### MATERIAL PROVIDED
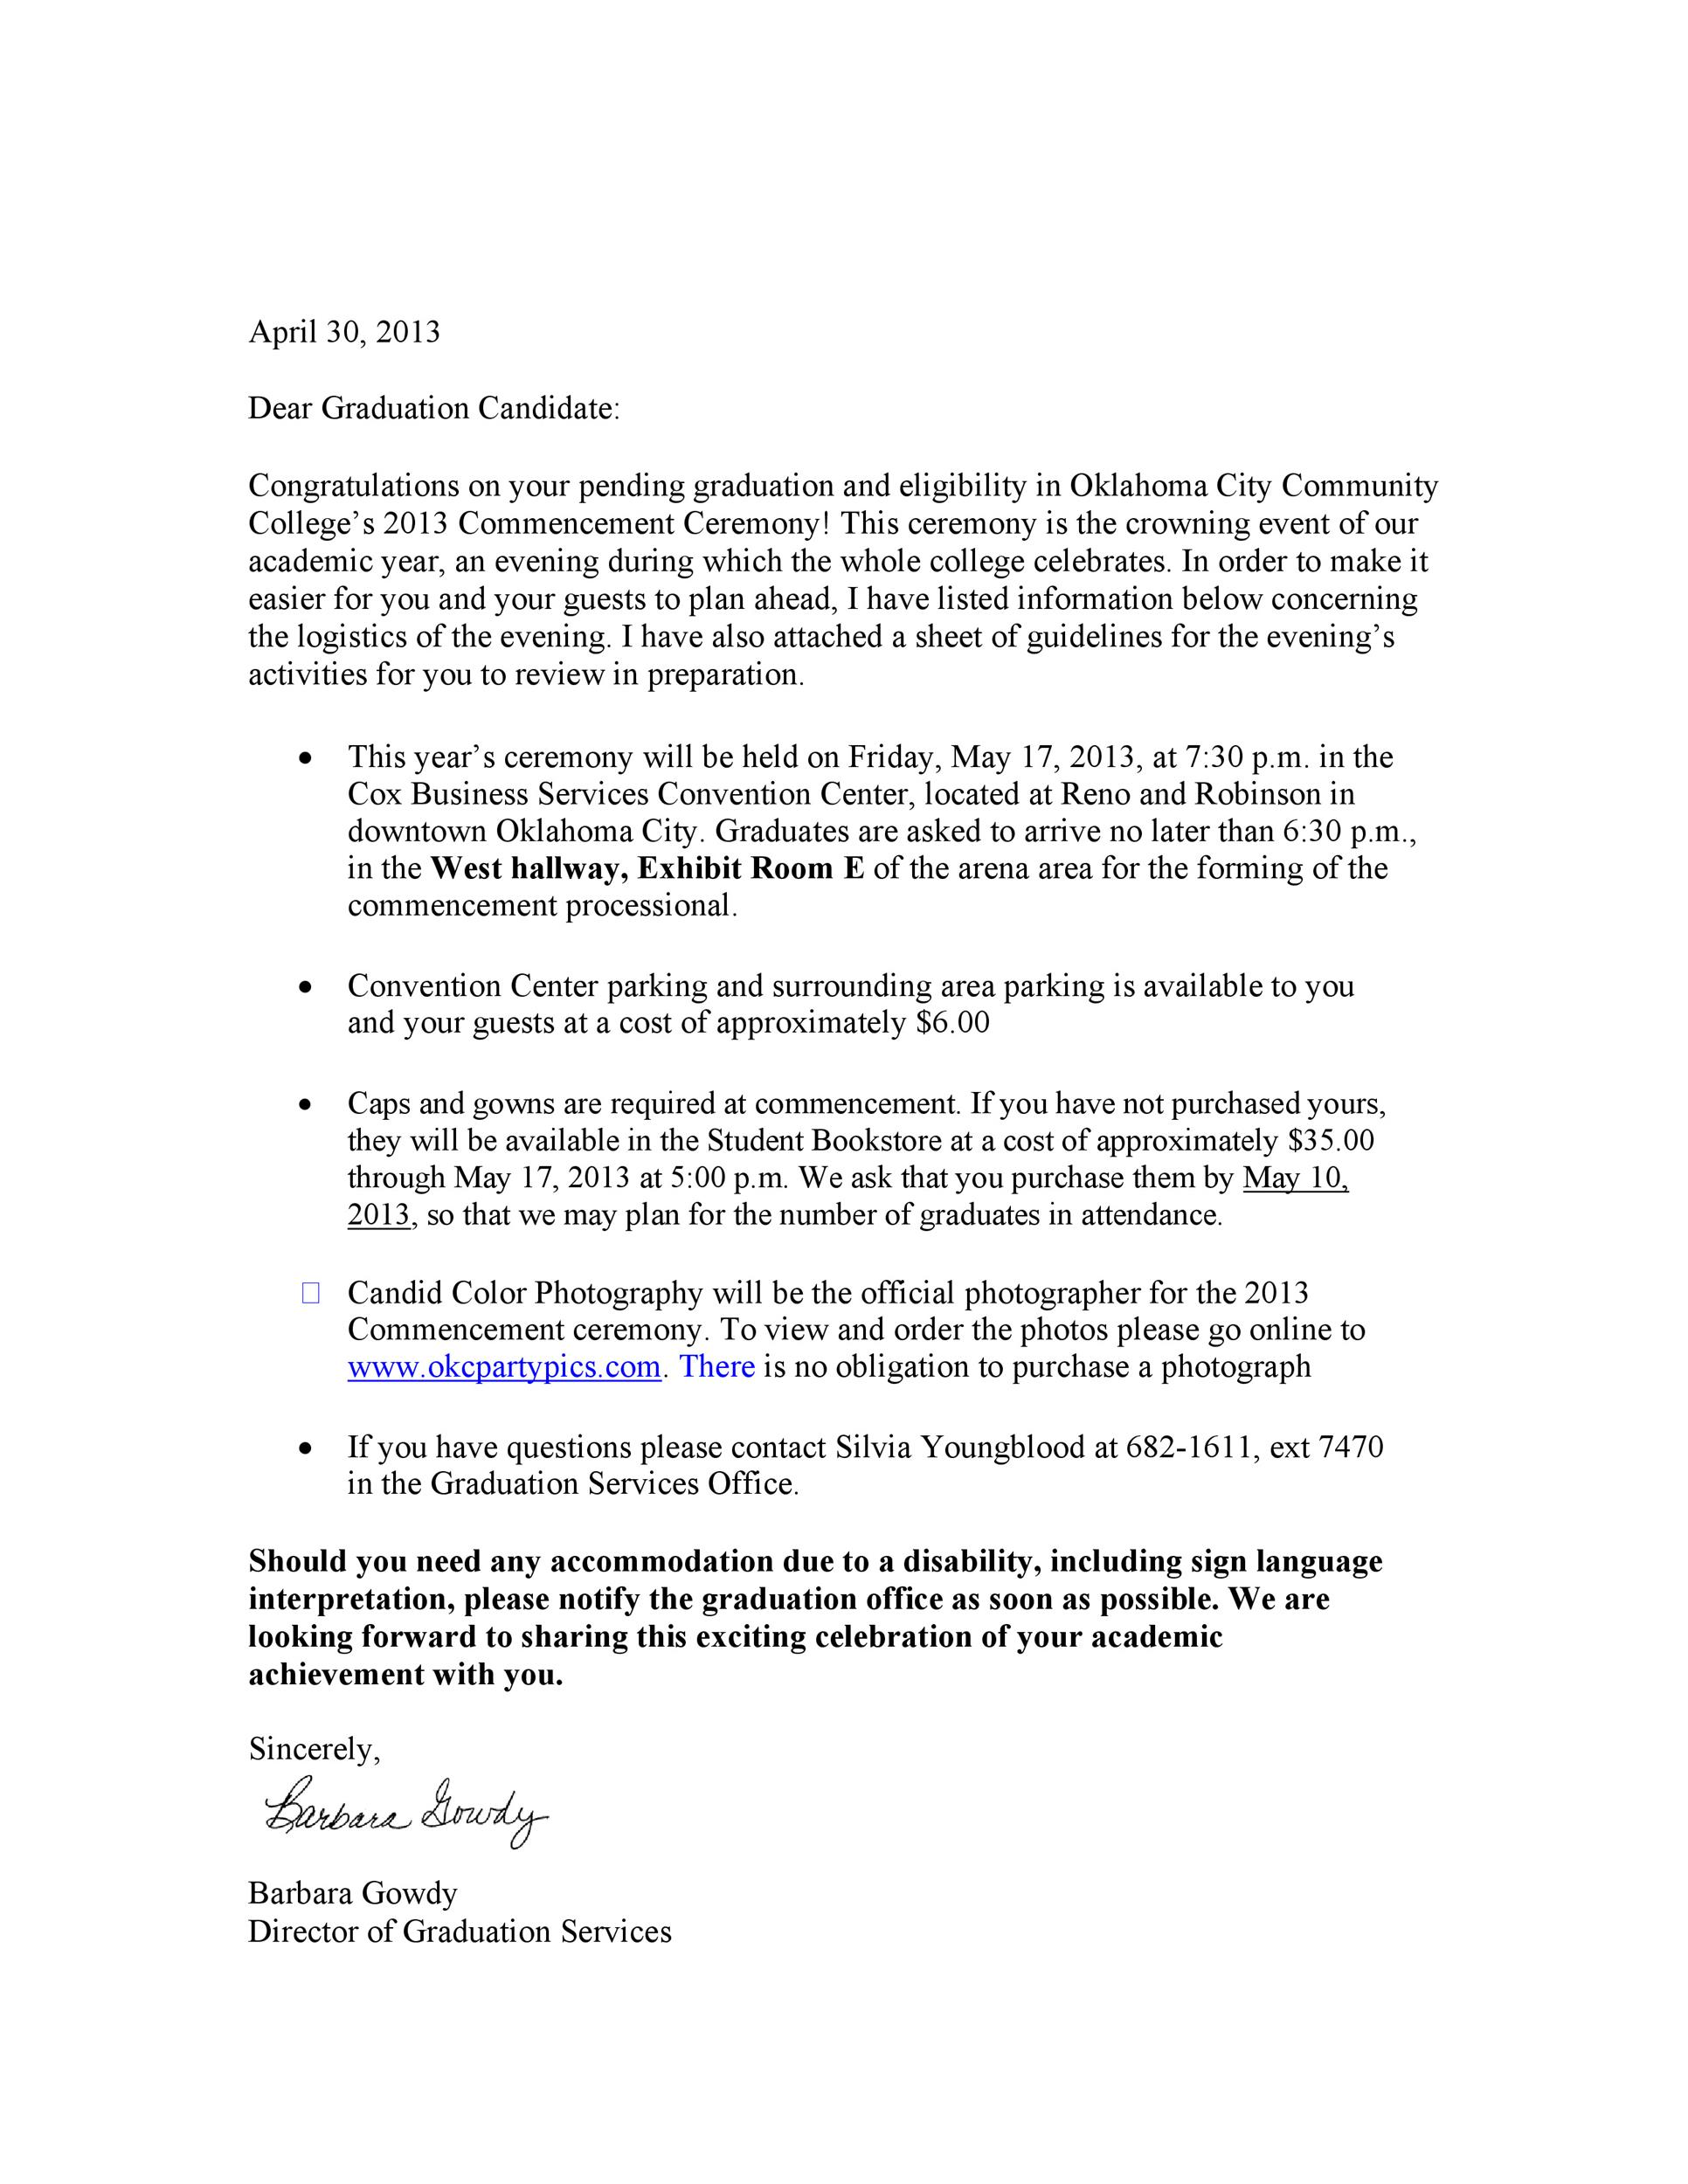 Free congratulations letter 18
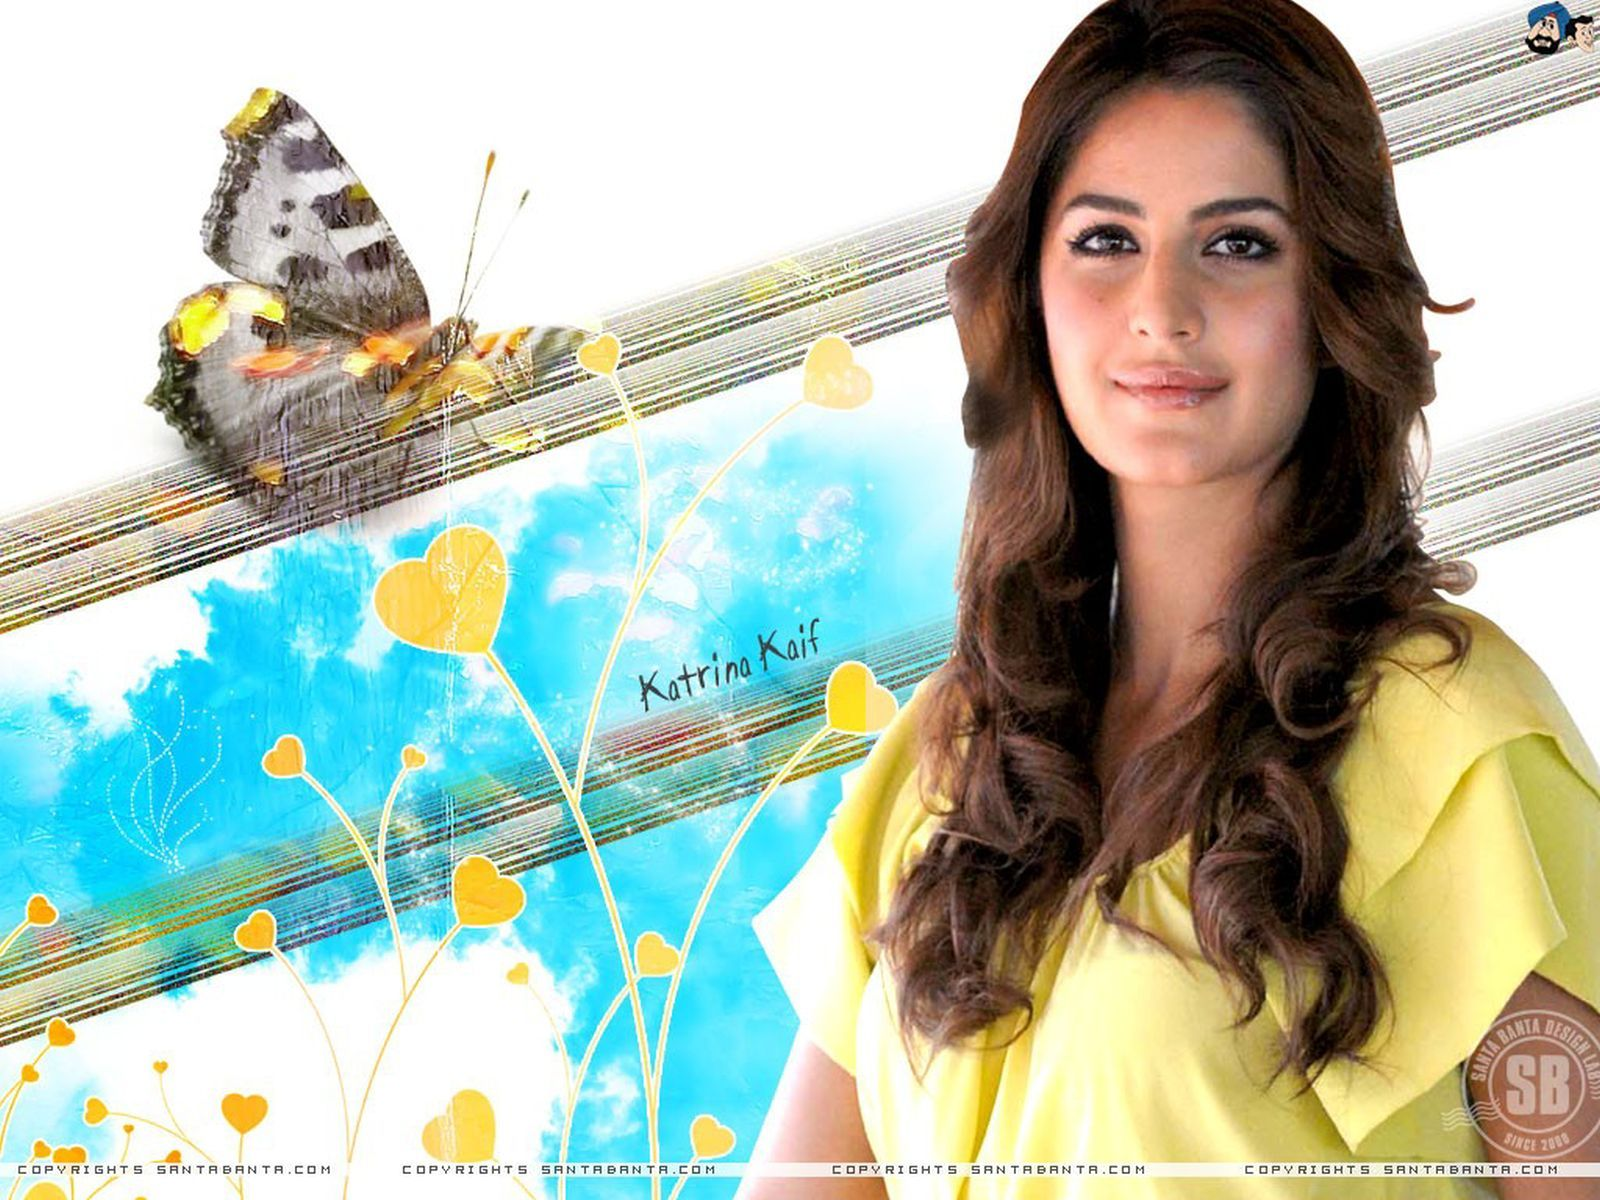 Hd wallpaper bollywood - Images About Bollywood Actress Kajal Agarwal Hd Wallpaper On 1600 1200 Wallpaper Bollywood 53
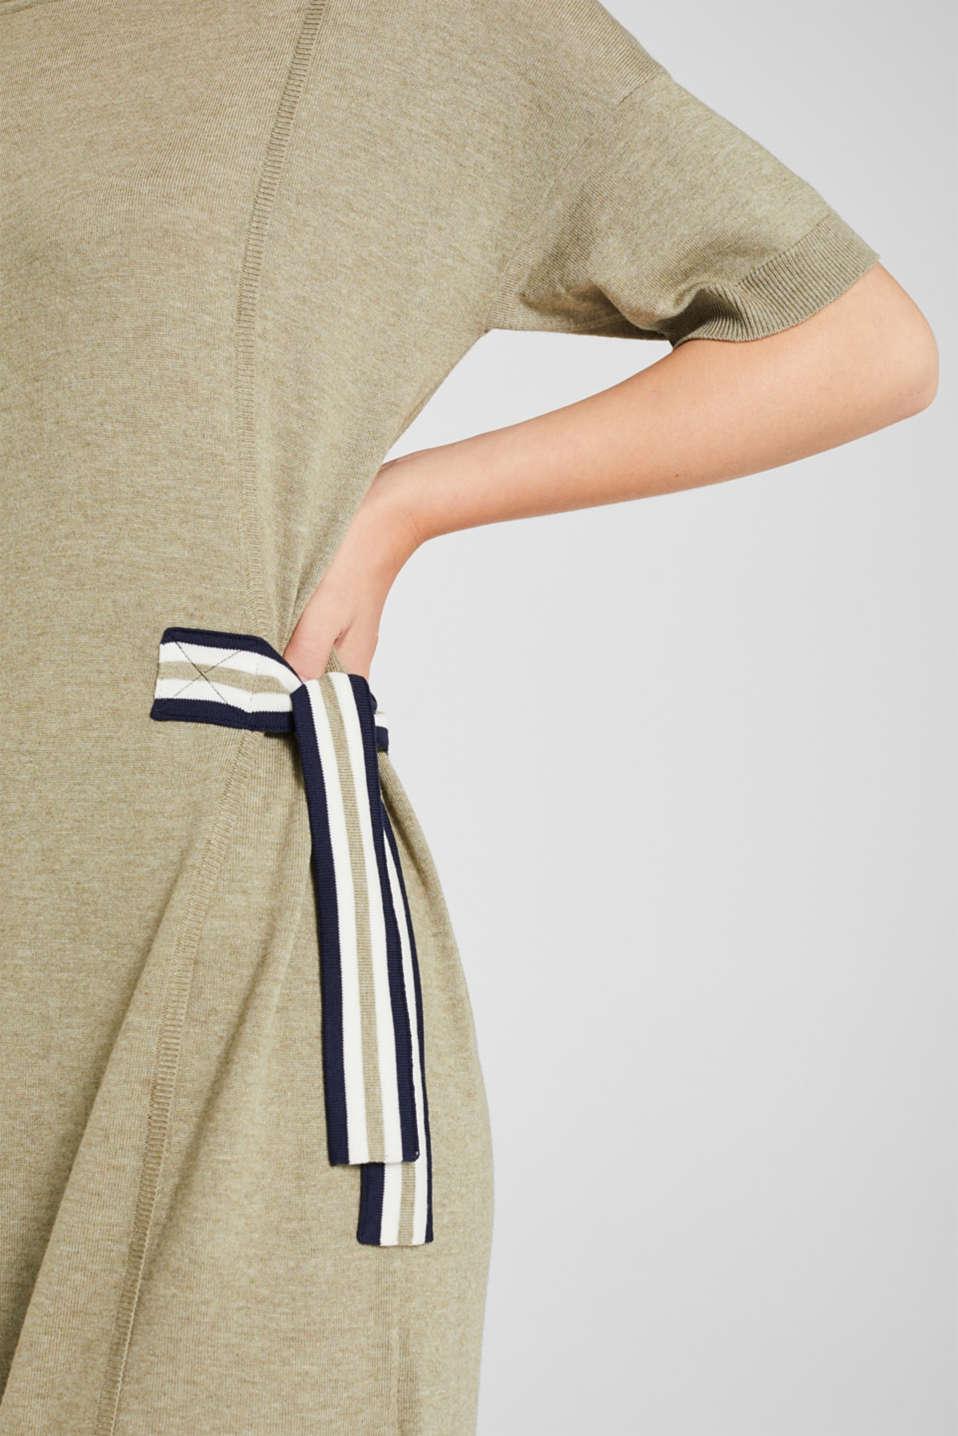 Bow detail knit dress, KHAKI GREEN 5, detail image number 3

### EXERCISE INSTRUCTIONS
Your reply should be the full data above, copied exactly, with no pictures in it.

### SOLUTION TO THIS EXERCISE
 Free congratulations letter 18
 Hd wallpaper bollywood - Images About Bollywood Actress Kajal Agarwal Hd Wallpaper On 1600 1200 Wallpaper Bollywood 53
 Bow detail knit dress, KHAKI GREEN 5, detail image number 3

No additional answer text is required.